## Work required
Take the lines below between the one holding "Small Business Saturday" and the one holding "Plum on Uncle Mulberry (Worsted)", inclusive, and copy them exactly. Add nothing.

## Extracted records
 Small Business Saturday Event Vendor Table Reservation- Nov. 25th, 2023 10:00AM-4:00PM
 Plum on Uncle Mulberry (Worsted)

--

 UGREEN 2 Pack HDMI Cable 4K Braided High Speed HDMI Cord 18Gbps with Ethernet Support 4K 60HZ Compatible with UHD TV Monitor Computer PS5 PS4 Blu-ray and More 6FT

## Final answer
 Small Business Saturday Event Vendor Table Reservation- Nov. 25th, 2023 10:00AM-4:00PM
 Plum on Uncle Mulberry (Worsted)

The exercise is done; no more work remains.